На следующий день наш взвод заступает в караул. Раз в месяц нам доверяют охранять склады боеприпасов, которые устроили за городом в пустыне. Я был уже в карауле разводящим, но теперь я не командир отделения и мой удел - пост. Взводный определяет мне тот самый пост, где в первом карауле стоял Толик Исаков. Мы меняем танкистов. Я в очередной раз убеждаюсь - мир тесен. Пост мне сдаёт боец, с которым мы на "губе" в одной камере парились самым, как говорится, натуральным образом.
- Зёма! - кричит танкист, нарушая всяческие пункты устава караульной службы. - Ты как здесь? - и уже к своему разводящему. - Витёк, мы с этим пацаном на "губе" вместе срок мотали. Клёвый пацан, хотя и салага.
Потом мы идём проверять печати на воротах складов.
- Ты со змеями как? - неожиданно спрашивает меня танкист.
- Нормально, как все, - пожимаю плечами.
- Здесь их полно по ночам ползает, - вздыхает мой недавний товарищ по неволе. - С непривычки многие пугаются... Я-то нормально отношусь, а некоторые и в штаны могут наложить. Главное, чтоб гюрза не приползла. Эта гадина сама на людей бросается...
- Правда что ли? - я недоуменно открываю рот, и чувствую - как на спине беснуется лёгкий озноб.

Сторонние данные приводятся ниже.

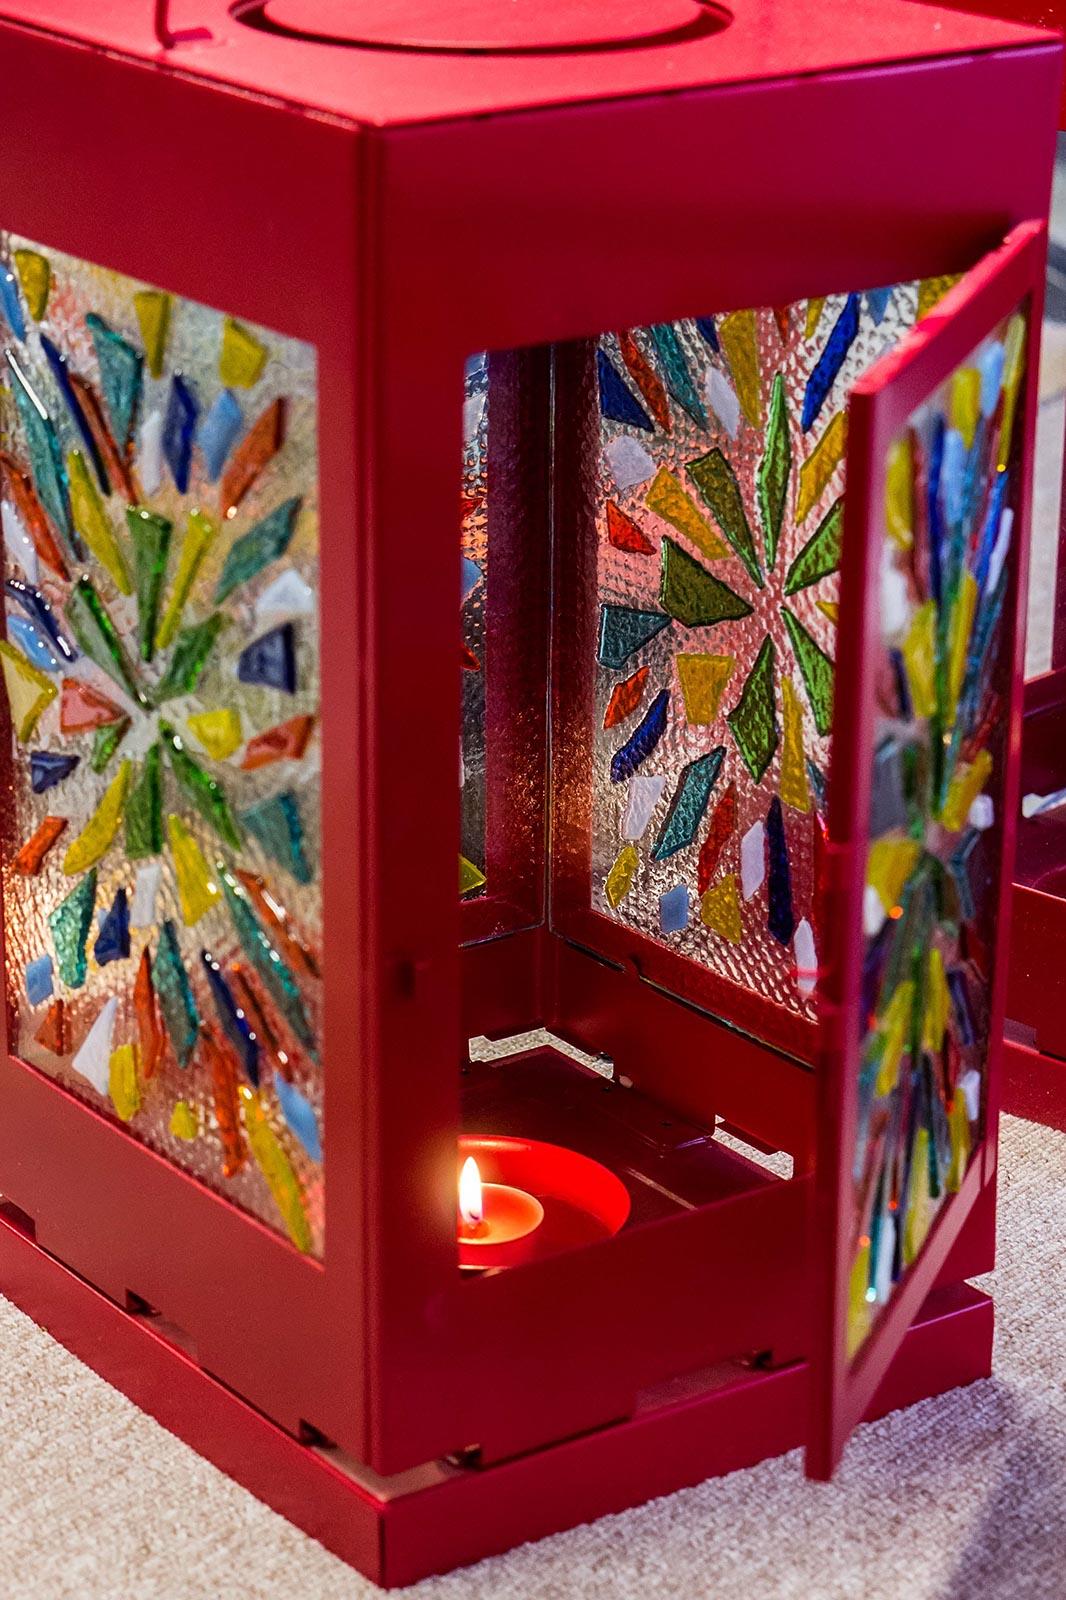 Фото №119231. Декорированный фонарь. Фьюзинг. Дом стеклянного творчества, ноябрь 2012

- Ну... Но это ерунда. Мне дембеля рассказывали, как тут однажды что-то вроде дракона с гривой появилось. Один парень глянул этому гаду в глаза и всё...
- Умер?
- Нет, сошёл с ума. В дурдом отправили... Ладно, я пошёл... Давай... Пост сдал.
- Пост принял, - пожал я танкисту руку и долго глядел в спины удаляющегося караула.
Минуты три стою и не шевелюсь, потом внимательно осматриваю серый песок, покрытый бледно-рыжими колючками - не притаилась ли где-то рядом гюрза или какая другая коварная гадина. Ничего подозрительного не видно. Начинаю медленно двигаться: сперва пять шагов вперёд, потом столько же назад. Через пять - шесть попыток - и я уже хожу от одной границы поста до другой. Хожу по тропинке и рассматриваю её края, но всё менее и менее внимательно. Привыкаю, но потею всё больше и больше. На улице жарко и душно. А тут ещё одна напасть на моё вспотевшее темя. К уходящему в закат безжалостному солнцу, спешит на помощь сухой жаркий ветер с песком. Скоро от солнца остаётся бледное еле заметное пятно. Становится не до змей, думаю о том - как бы песок в глаза не попал. Минут пять длится песчаная круговерть, а потом песчаный вихрь куда-то уносится. Размышляю о здешних странных погодных перепадах и вспоминаю яблоневый сад возле нашего крыльца. Дальше - больше. Когда приходит разводящий, я под ноги не смотрю, мечтаю о дембеле и пою тихим шепотом модные песни.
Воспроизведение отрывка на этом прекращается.